We have seen this in too many places – from Rwanda to Bosnia to Syria – over recent decades. A country erupts in extreme violence between different groups. The rest of the world condemns the human rights violations and either intervenes with force, imposes sanctions, or does nothing. Afterward, lessons are drawn on how to fix the international moral order.
Now it is Myanmar’s turn. The majority Buddhist country, also known as Burma and still largely under the thumb of the military and not Nobel Peace Prize winner Aung San Suu Kyi, is being condemned for recent attacks on the minority Muslims known as Rohingya. More than 480,000 Rohingya have fled into Bangladesh. At least 1,000 have been killed.

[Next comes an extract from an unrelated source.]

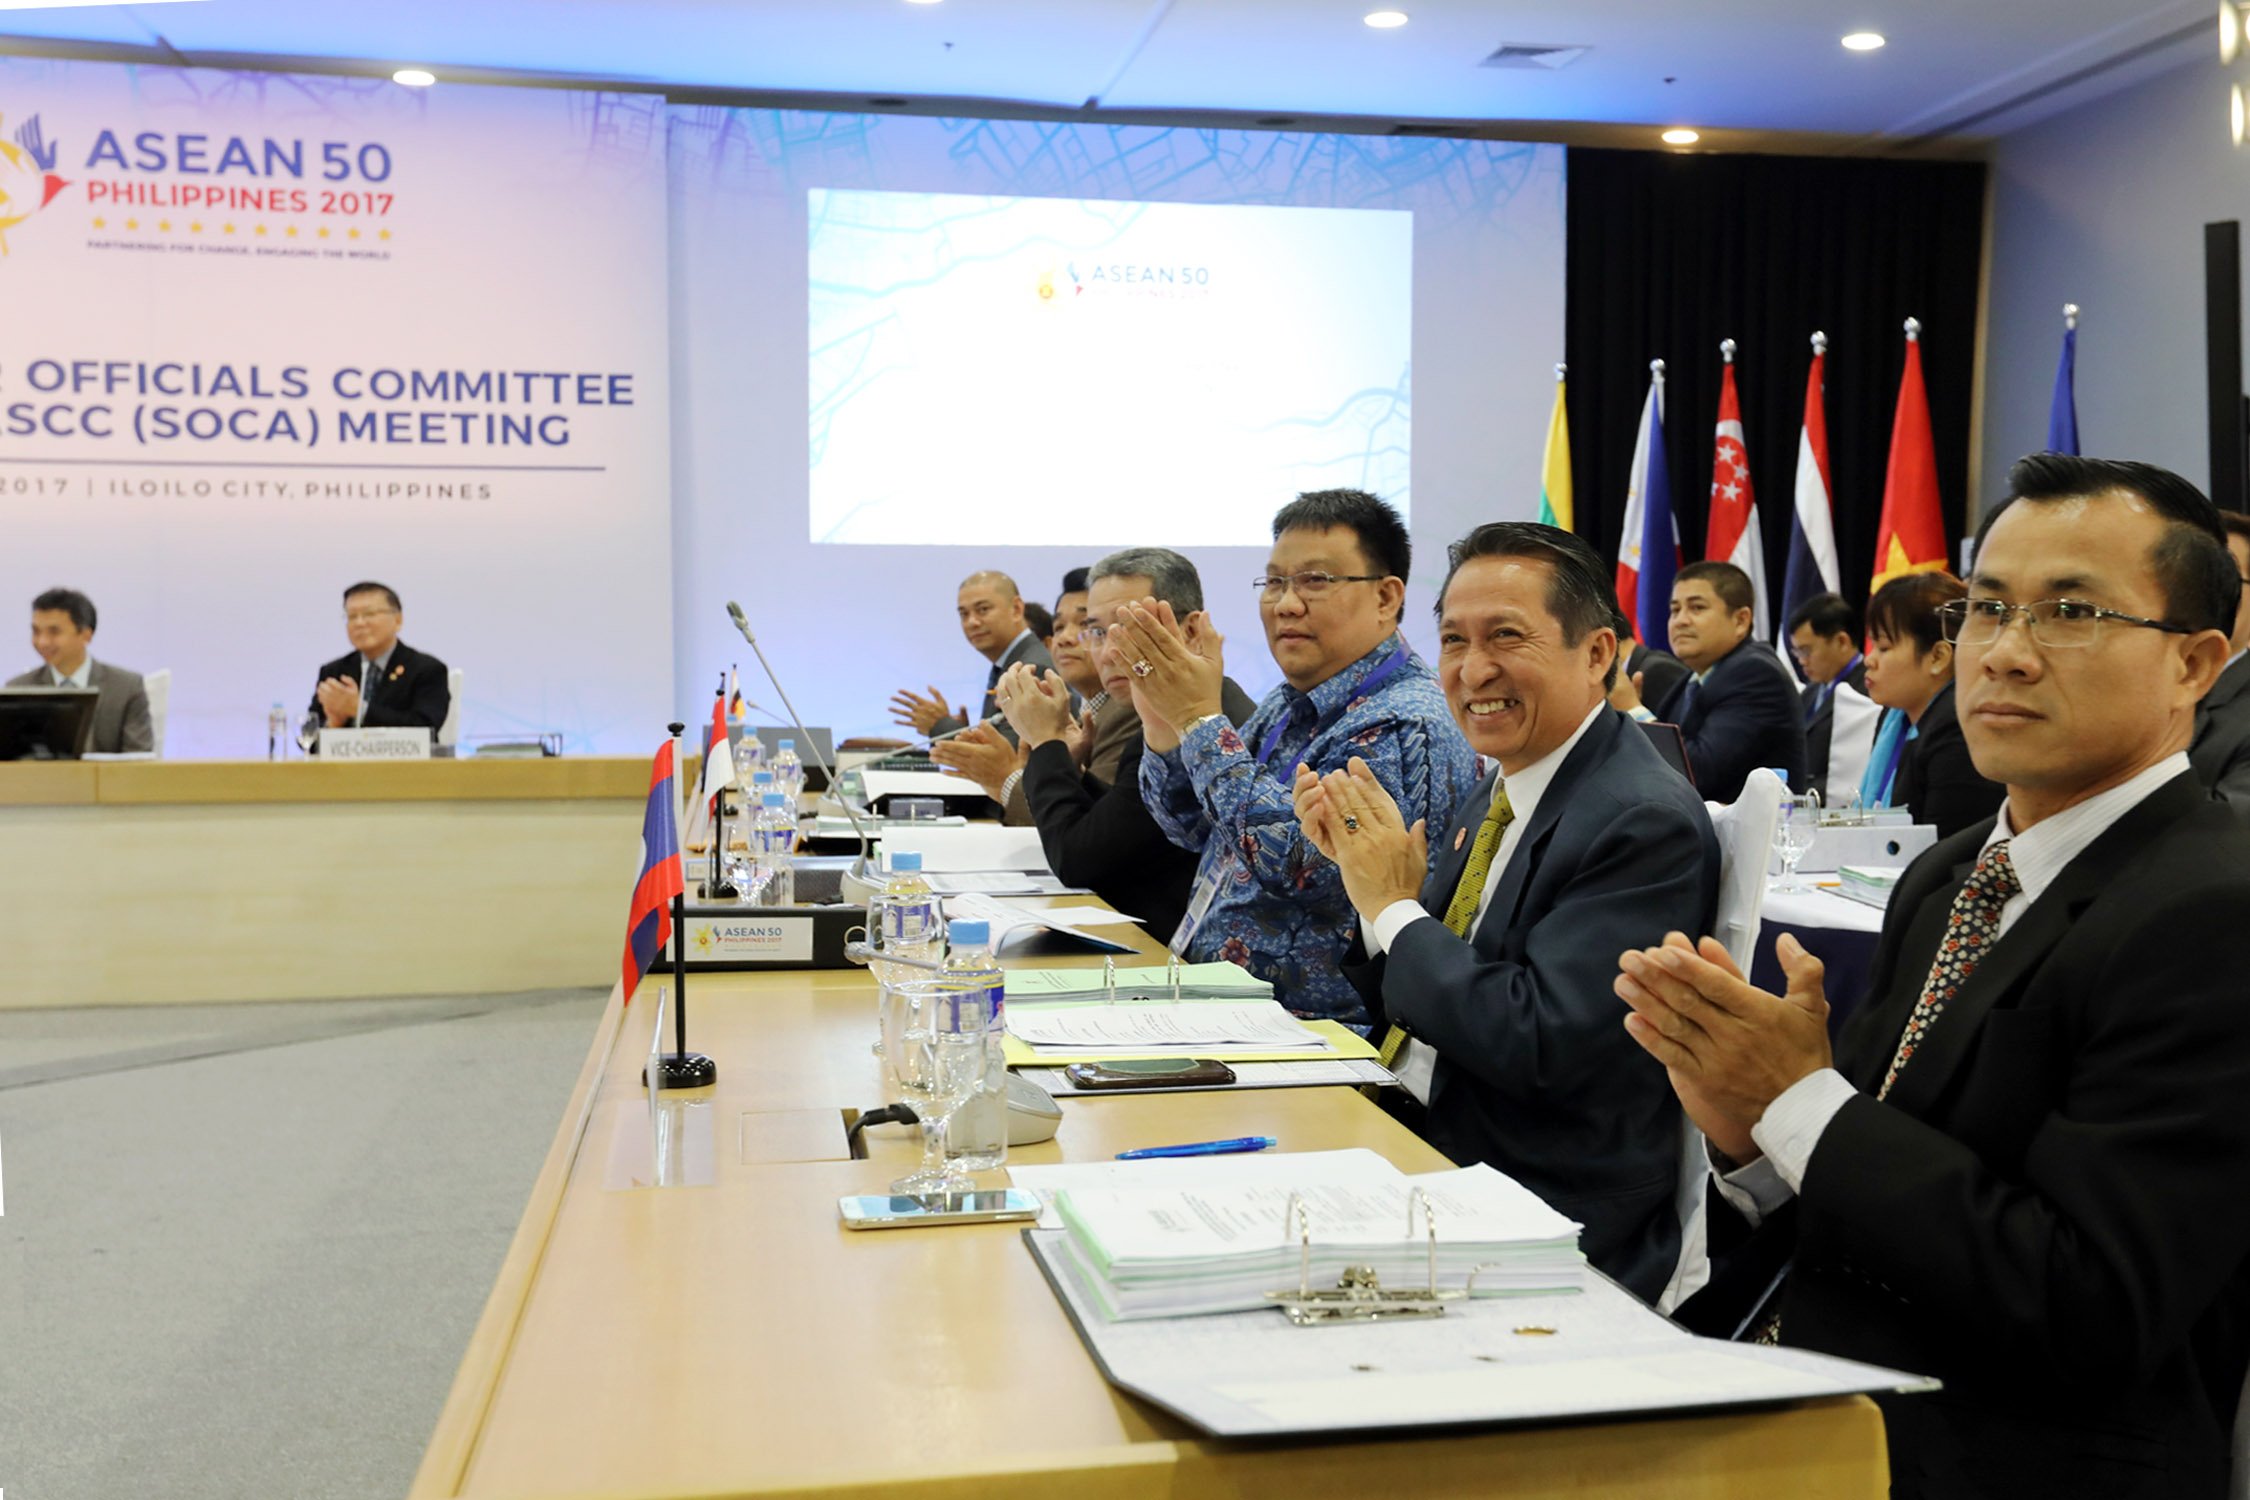 Senior Officials Committee for the ASEAN Council Meeting kicks off in Iloilo

On Sept. 28, the United Nations Security Council held its first open session to discuss the crisis. UN Secretary-General António Guterres called it a “humanitarian catastrophe.” Another UN official said Myanmar’s military operation is a “textbook example” of ethnic cleansing. France went further and called it “genocide.”
Such responses by those upholding the universality of human rights presume that exposing such evil is good enough. That it will somehow shame the Myanmar government into submission. Or that extolling universal values such as tolerance will somehow persuade the Buddhist nationalists to view their country’s Muslims not as “the other” but as individuals in a shared society.
Yet, as in other crises with similar atrocities, this kind of condemnation or the assertion of rights does not always work.
Why is this too often the case?
A new book by a leading human rights advocate, Michael Ignatieff, a Canadian scholar and rector of the Central European University in Hungary, offers a compelling case for a different approach. The book, “The Ordinary Virtues: Moral Order in a Divided World,” took him on a three-year, eight-nation journey to listen to vulnerable communities under stress. He talked to slum dwellers in Brazil, people in an isolated village in South Africa, those in a Japanese town devastated by a tsunami, former enemies in Bosnia, and people in the diverse neighborhoods of New York’s borough of Queens. He even talked to militant, anti-Muslim monks in Myanmar.
Dr. Ignatieff discovered that societies living under harsh social, economic, or physical conditions do indeed have their own inherent values, or “ordinary virtues,” such as compassion and mercy. But they may not regard this “moral operating system” as universal. They frame it as local. Such virtues – including equality – are seen not as an obligation but as a “gift,” negotiated between individuals, one at a time within society and in the spirit of reciprocity and solidarity. Whatever values are held in common are a result of transactions and are not a right. And gratitude is a necessary part of those transactions.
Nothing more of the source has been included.